Home>

Suppose you have the followinguserstable in PostgreSQL.

id name email
1 Test Taro 1 [email protected]
2 Test Taro 2 [email protected]
3 Test Taro 3 [email protected]
4 Test Taro 4 [email protected]
5 Test Taro 5 [email protected]
6 Test Taro 6 [email protected]

Emails are duplicates, so I want to find out the number of unique emails.
Keep it simple
SELECT COUNT (DISTINCT email) FROM users;
It's fine, but this is very slow.

Can you somehow speed it up?

I tried using

group by, but the speed was not improved.
SELECT email FROM users group by email;

Checked I looked at some articles that

EXISTS clause can be used to increase the speed, but it is not related to other tables, it will be completed in theuserstable, so it seems that it can not be used was.

I want to solve

I want to speed up something other thanDISTINCT. Is there any good idea?
Can it be faster than this if it is so simple?

Append

I'm sorry, the question was a little fluffy, so let me add it.

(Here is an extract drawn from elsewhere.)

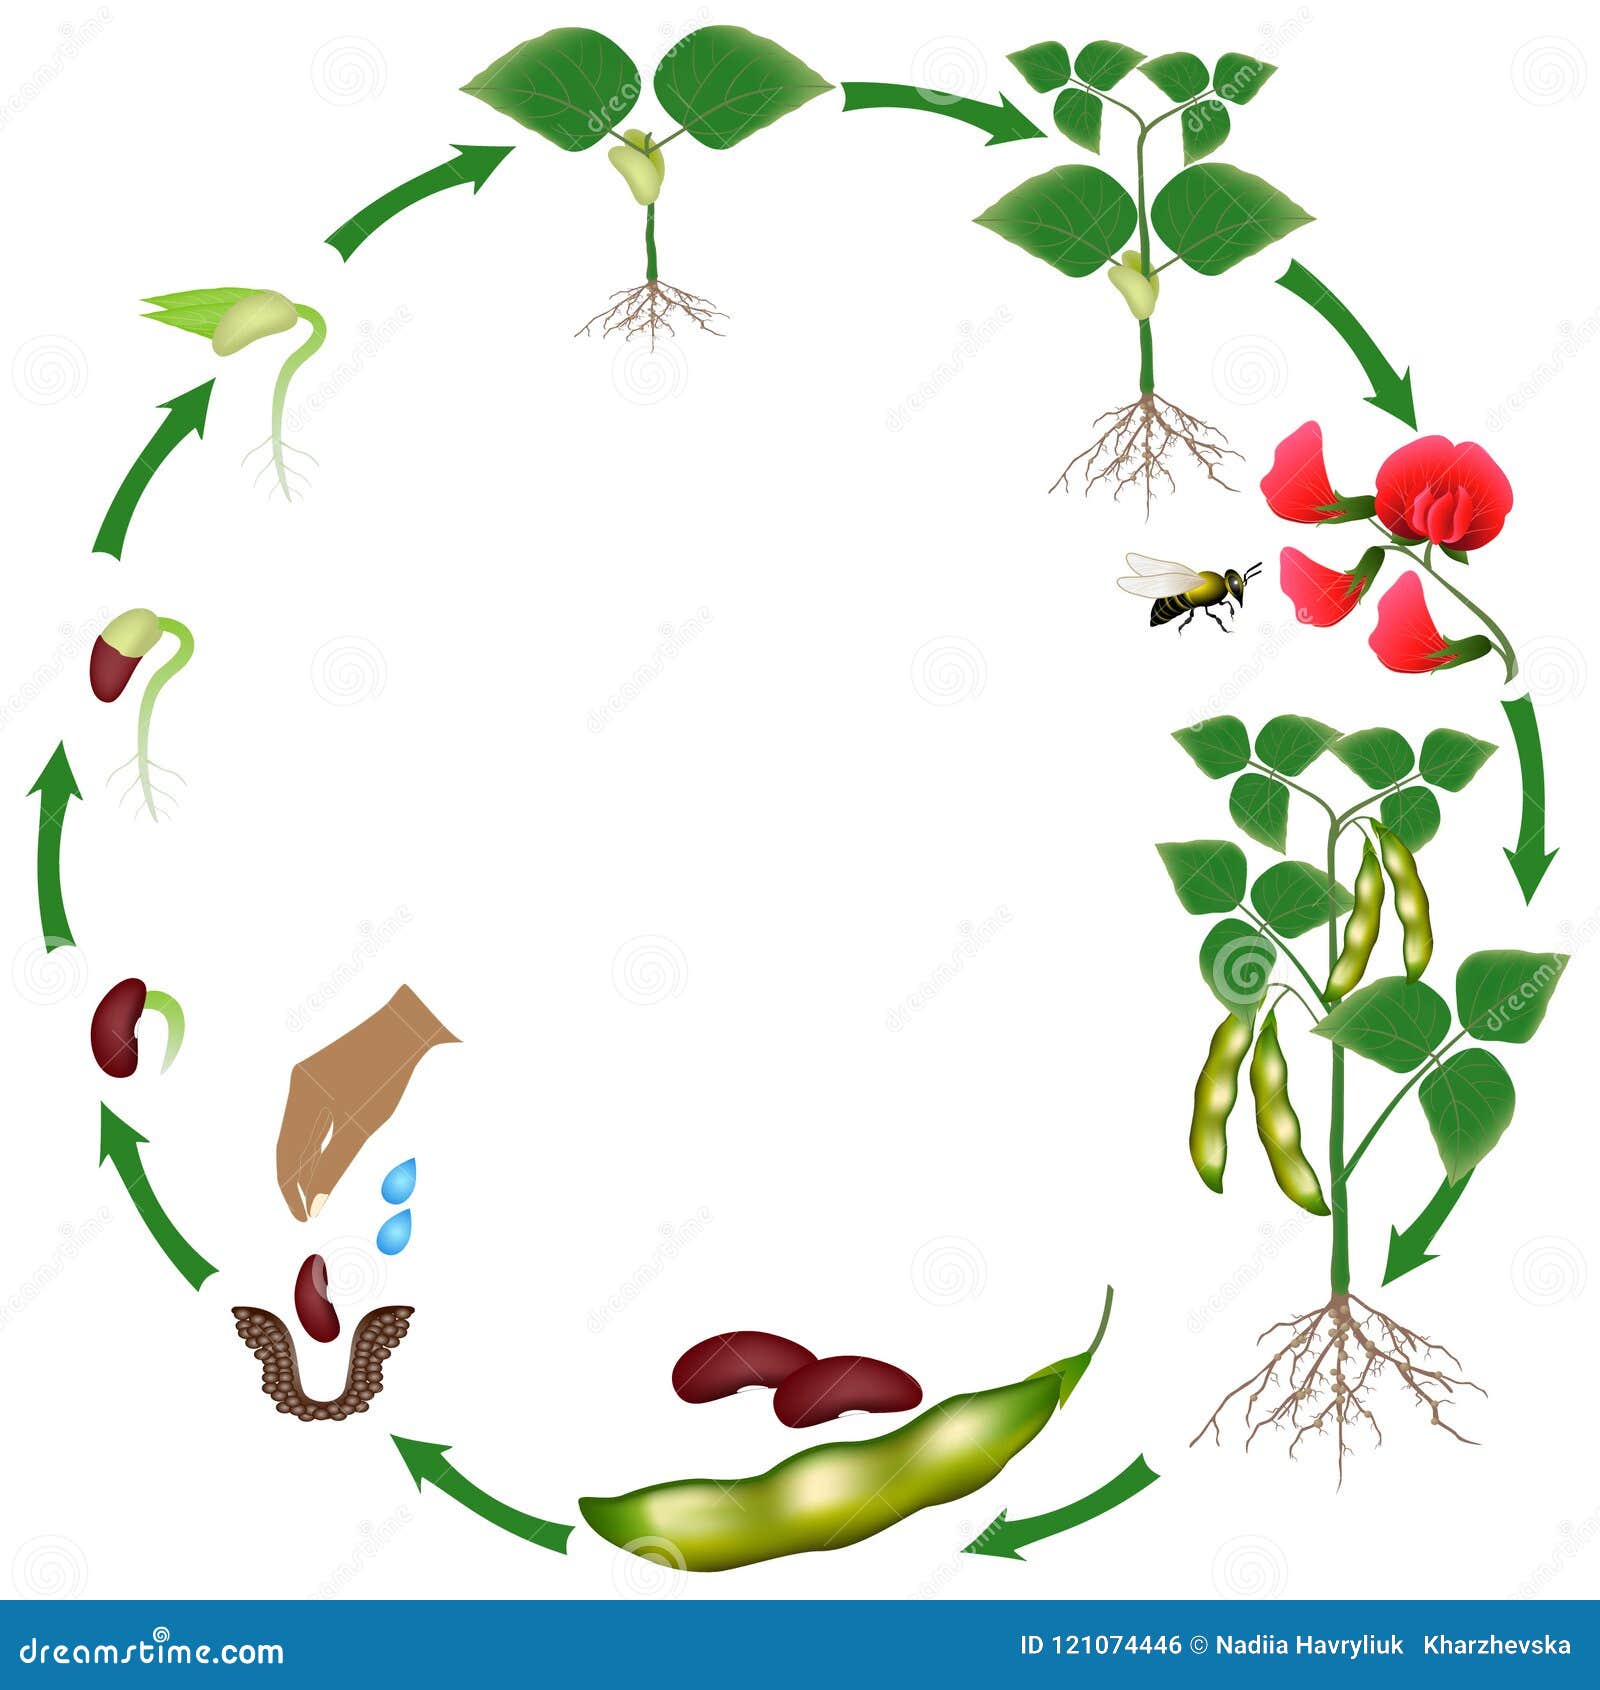 Жизненный цикл овощных растений по маркову. Жизненный цикл растений для дошкольников фасоль. Цикл развития фасоли. Цикл развития растений для дошкольников. Цикл роста гороха для детей.
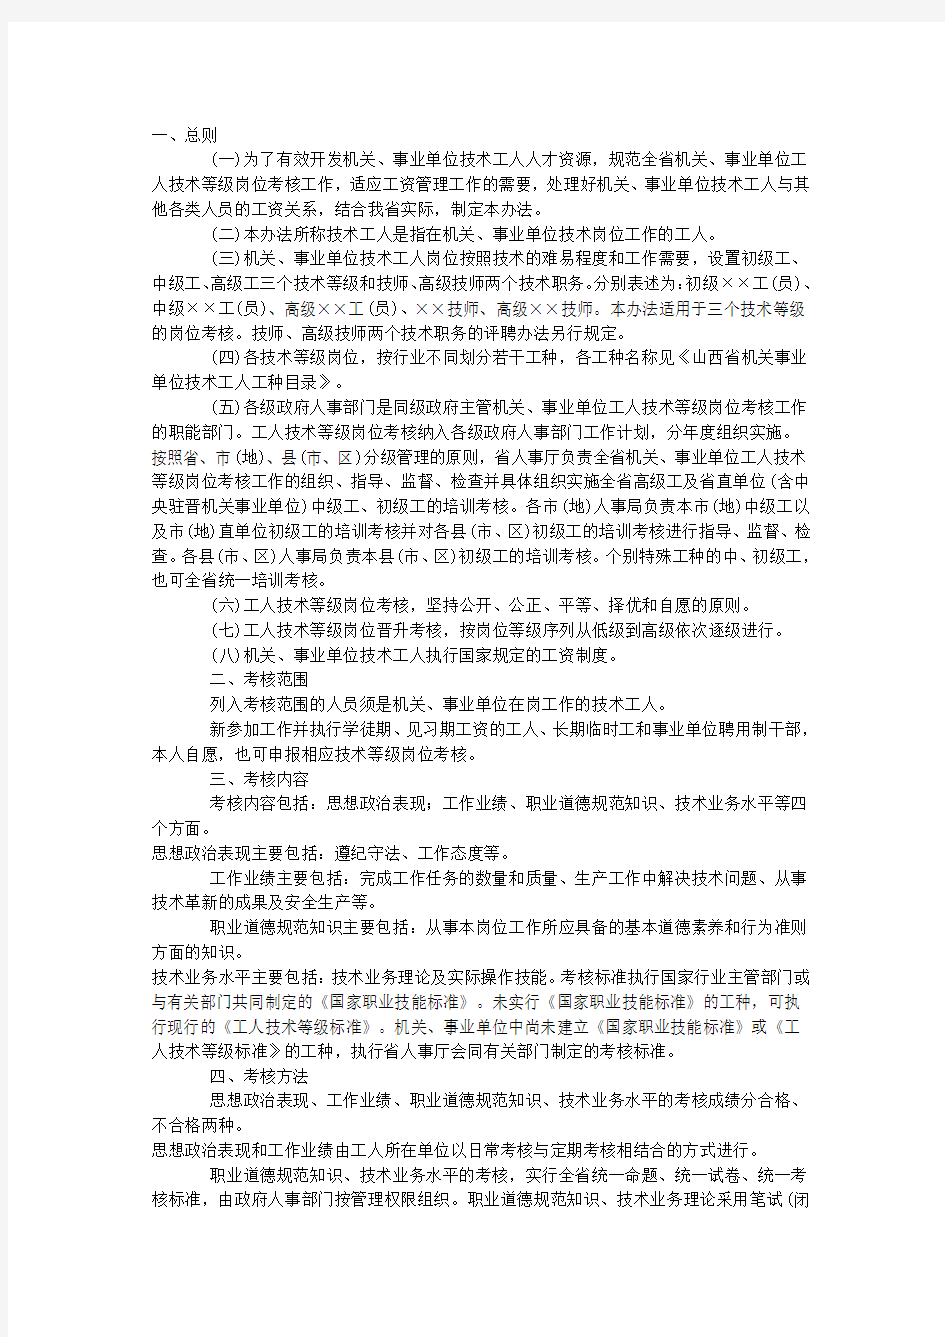 山西省机关事业单位工人技术等级岗位考核办法(晋人工字[2002]31号)

I want to know the fastest query that satisfies the requirement ofI want to check the number of unique emails in the above tablewithout considering Index etc. That is the question.
When there are many records, it is clear thatSELECT COUNT (distinct email) FROM usersis slower thanSELECT COUNT (email) FROM users. (distinct email) FROM usersI want to know a query that satisfies the requirement thatI want to find out the number of unique emailsearlier.
If it is not simply, I would like to take another approach (index review etc.).

If it is still better to have an explain result, add it.

  • Answer # 1

      

    This time we don't consider Index etc. (assuming all columns don't have Index)

    Setting an appropriate index is often effective in improving performance. Of course, I am not your boss, so I will not force you to add an index.

  • Answer # 2

    You can create an index.

    11.2. Types of indexes
    When searching and narrowing down emails,
    An appropriate index design that considers index performance and functions should be performed.
    It seems to talk.

    I imagine that this is a non-production development situation,
    That's the situation without an index
    I think this is a great opportunity to compare the execution plans by EXPLAIN.
    If there is no index, I think it will take time with FULL SCAN.